2.3.3. Les termes absents

Parmi l’ensemble constitué, on remarque que des mots ou des termes, pouvant être considérés comme “attendus” dans la pratique de la dégustation, sont manquants soit qu’ils ne figurent pas dans le lexique (agréable) soit que les professionnels les aient éliminés (cuisse, corsage, jambe).

L’absence la plus surprenante est celle de l’adjectif agréable alors que son antonyme désagréable est présent dans le lexique Hachette et qu’il s’agit d’un terme cautionné par les professionnels consultés 119 . Il qualifie le nez (un nez agréable), la bouche (un vin agréable en bouche) ou le vin et se trouve largement attesté dans le corpus.

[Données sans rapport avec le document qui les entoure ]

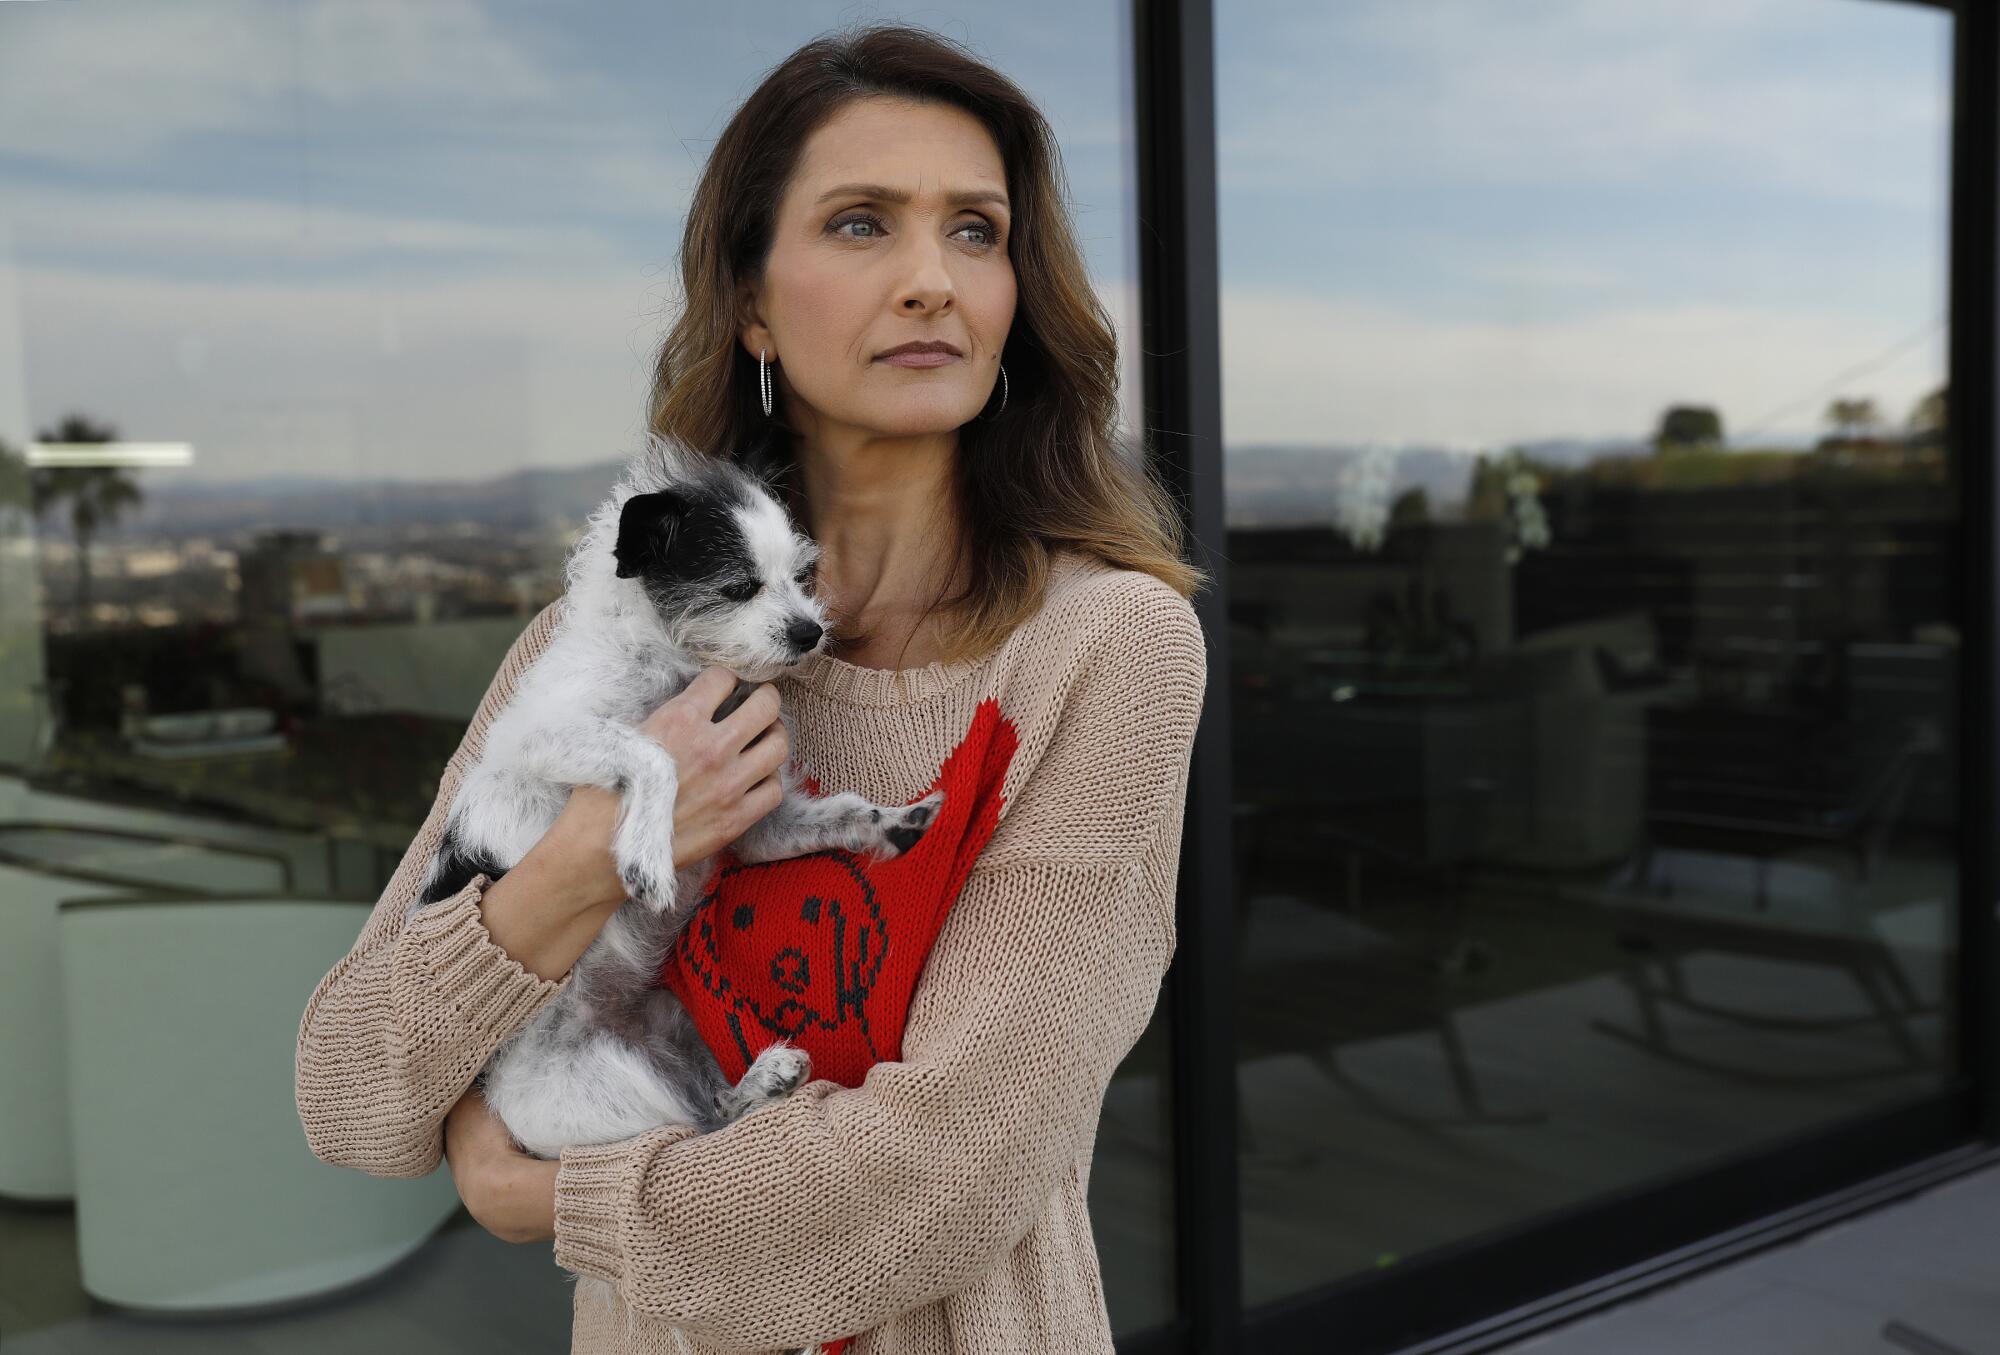 Valarie Ianniello, former executive director of the Animal Hope & Wellness Foundation

Sont aussi absents du lexique,

‘beau, bien, bon, joli ’

qui, dans le contexte de dégustation, ont une valeur subjective marquée 120 .

‘Cuisse, corsage, jambe’

Le premier (cuisse) figurait dans le lexique Hachette (qui le considère cependant “désuet”) et a été supprimé par les deux sommeliers consultés qui ne l’emploient jamais. Coutier remarque également au cours de ses travaux que :

‘« Dans le champ thématique afférent au corps humain, on notera l’absence de quelques expressions connues cependant du grand public en raison de leur effet évocateur, comme avoir du corsage, avoir de la jambe, avoir de la cuisse : bien que signalées dans divers ouvrages (toujours entre guillemets), elles ne sont pas attestées dans notre corpus » (1994, 670) 121 . ’

Ces trois termes ne sont pas non plus attestés dans notre corpus : cuisse ou jambe (au singulier) seraient plutôt remplacés par charnu tandis que corsage, d’après Chatelain-Courtois,

‘« peut être une déformation de corsé » ou un « synonyme de délicat, féminin, fin » (1984, 100).’

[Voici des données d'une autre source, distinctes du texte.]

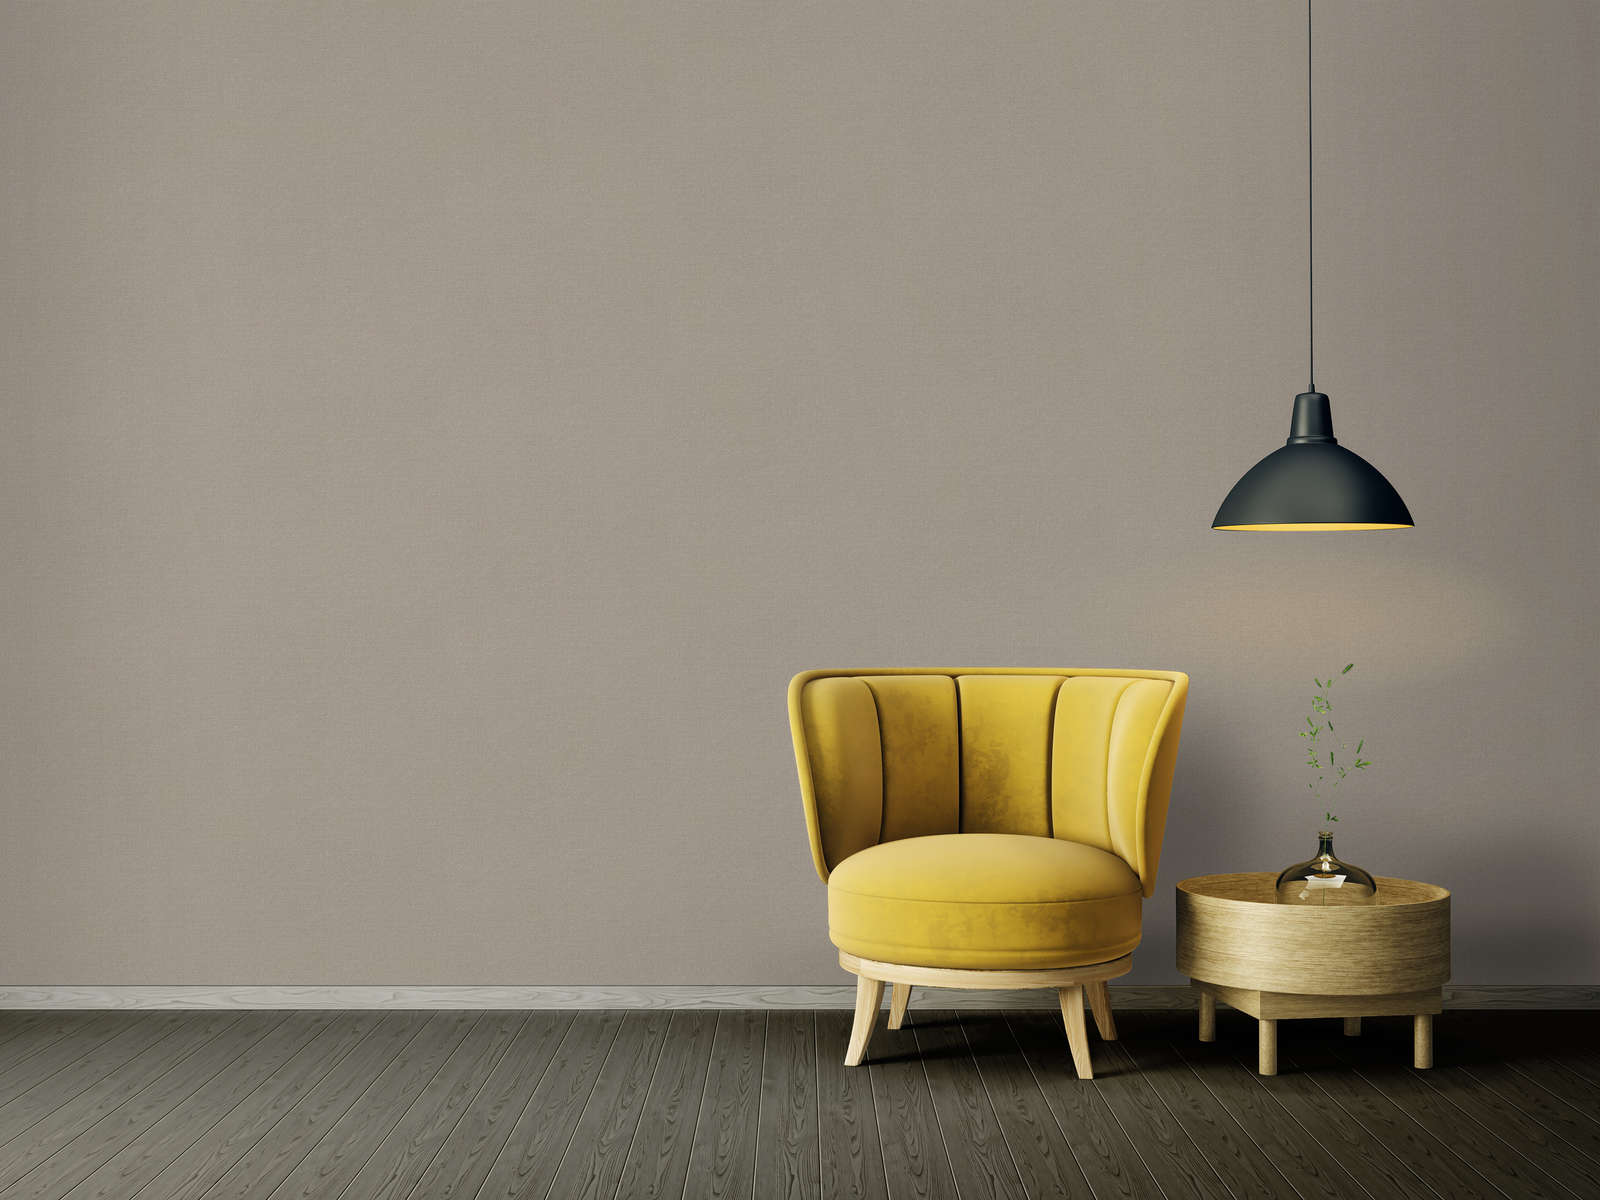             Linen look wallpaper with textured surface, plain - beige, grey

Ils sont, avec quelques autre, délibérément retirés des lexiques spécialisés parce que jugés inadéquats par la grande majorité des professionnels. Comme en parlent Renvoisé 122 , ou encore Peynaud et Blouin :

‘« ... on reconnaîtra que le chroniqueur qui parle de vins drôles, amusants, pimpants, farceurs, raccrocheurs, polissons (et il serait facile d’allonger la liste) atteint le comble de l’insignifiance... » (1996, 174).’

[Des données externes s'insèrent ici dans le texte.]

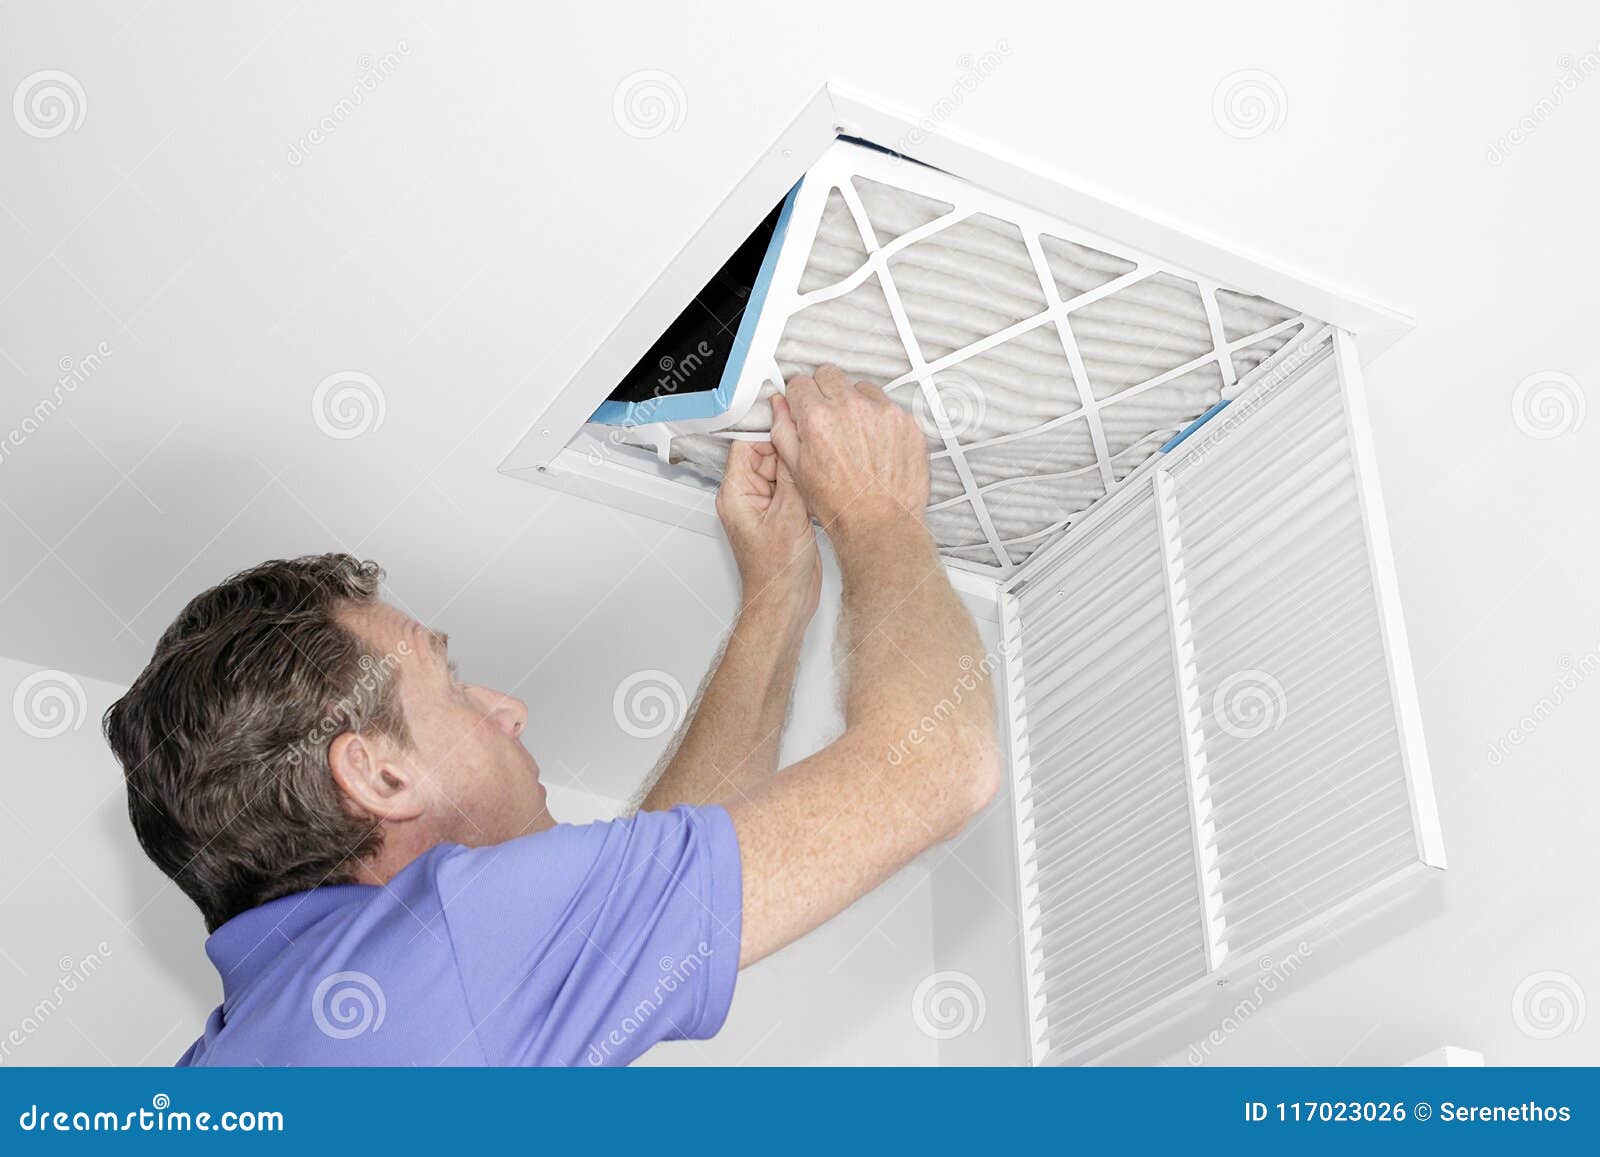 man removing dirty air filter

Le lexique Hachette, tout comme les lexiques de dégustation en général,regroupe un ensemble de termes sélectionnés par une communauté de professionnels pour leur valeur sémantique spécifique. Ces lexiques se sont élargis au fil du temps, du fait de l’évolution de la qualité du vin et des goûts des consommateurs, mais ils se sont également limités aux termes les plus foncièrement signifiants pour rendre compte d’une dégustation complète. Après ces remarques, nous allons classer les termes et étudier leurs champs sémantiques respectifs.

Notes
119.

Les trois auteurs de vocabulaires de dégustation (Peynaud et Blouin 1996 et Chatelain-Courtois) et les deux sommeliers.

120.

Beau, bon, bien sont définis par Kerbrat-Orecchioni (1980, 84) comme des adjectifs subjectifs “évaluatifs-axiologiques” qui « portent sur l’objet dénoté par le substantif qu’ils déterminent un jugement de valeur, positif ou négatif » (id., 91). Ils sont même affectés d’un fort indice de subjectivité langagière puisque la propriété évaluée ne peut être comparée que par rapport à des objets appartenant à la même classe.

121.

Coutier précise encore que :

« [...] rondelet et fessu (!) signalés l’un par Peynaud […] et l’autre par Dumay […] et par Chatelain-Courtois (1984) sont à classer au titre des fantaisies verbales, non attestées à l’écrit » (1997, 80).

122.

Courtier de formation (qui revendique les vins non filtrés), il met en garde quant à la trop grande utilisation des superlatifs et dénigre « les belles envolées lyriques sur le vin » (1996).